*** Data records Section Begins ***
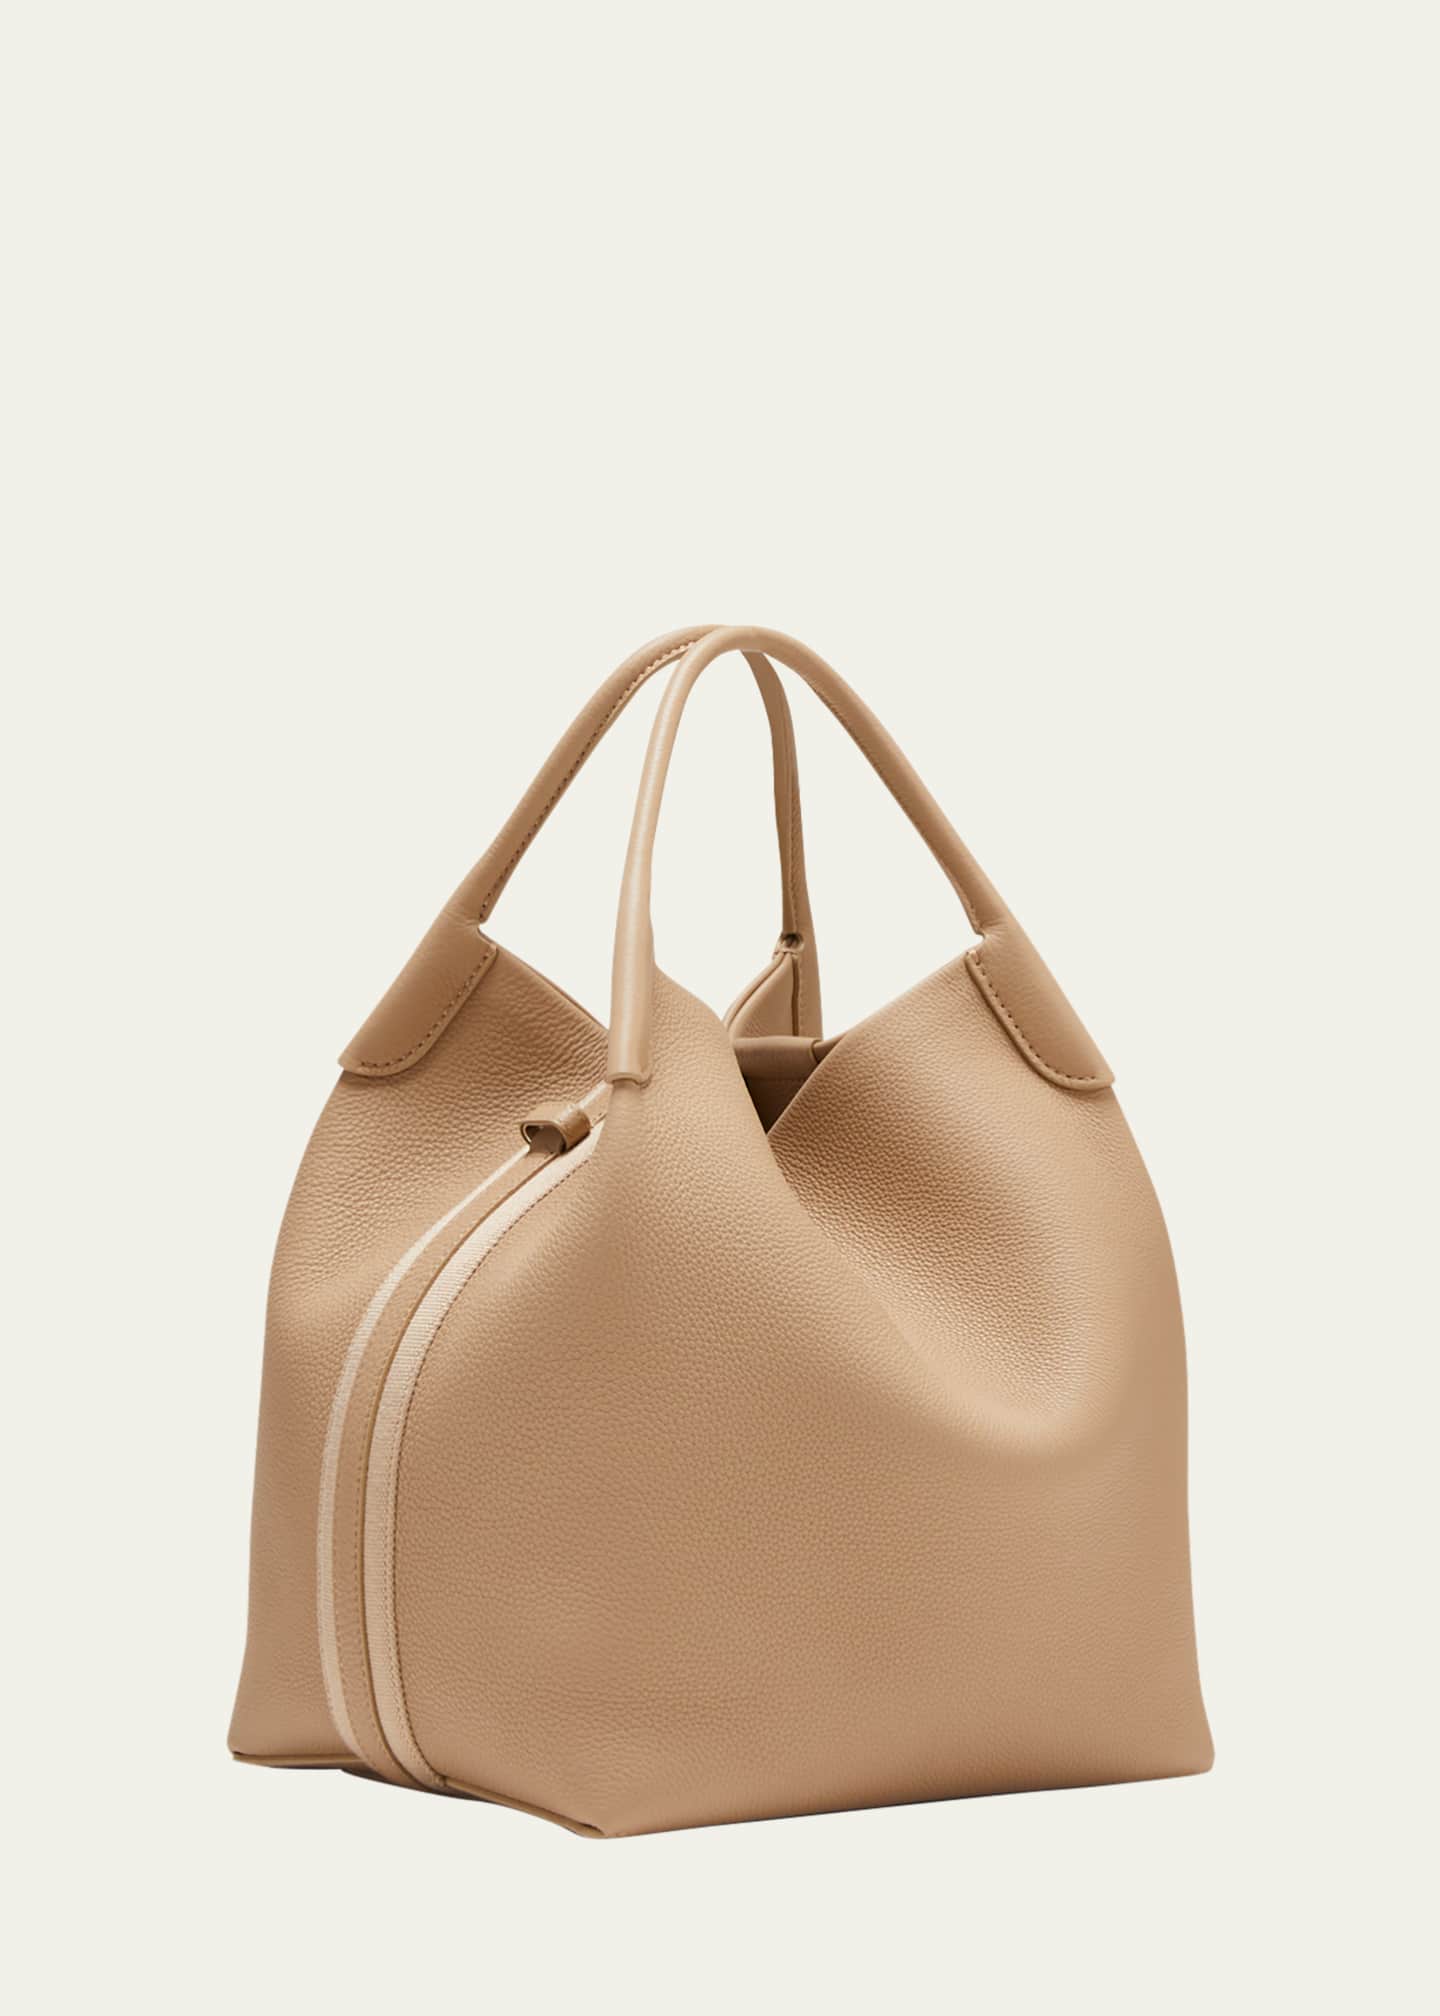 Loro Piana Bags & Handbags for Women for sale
*** Data records Section Ends ***
*** Data records Section Begins ***
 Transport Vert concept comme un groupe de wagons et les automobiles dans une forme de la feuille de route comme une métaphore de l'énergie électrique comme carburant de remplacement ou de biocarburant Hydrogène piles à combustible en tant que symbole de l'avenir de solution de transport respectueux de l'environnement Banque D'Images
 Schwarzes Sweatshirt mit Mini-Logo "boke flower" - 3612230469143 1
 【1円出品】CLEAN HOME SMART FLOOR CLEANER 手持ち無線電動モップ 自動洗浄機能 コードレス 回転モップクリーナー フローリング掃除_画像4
*** Data records Section Ends ***
__Required work__.
Please copy, exactly as written, every line in the listing above from the line with "Schwarzes Sweatshirt mit" up to and including the line with "コードレス 回転モップクリーナー フローリング掃除_画像4".

__Answer box__.
 Schwarzes Sweatshirt mit Mini-Logo "boke flower" - 3612230469143 1
 【1円出品】CLEAN HOME SMART FLOOR CLEANER 手持ち無線電動モップ 自動洗浄機能 コードレス 回転モップクリーナー フローリング掃除_画像4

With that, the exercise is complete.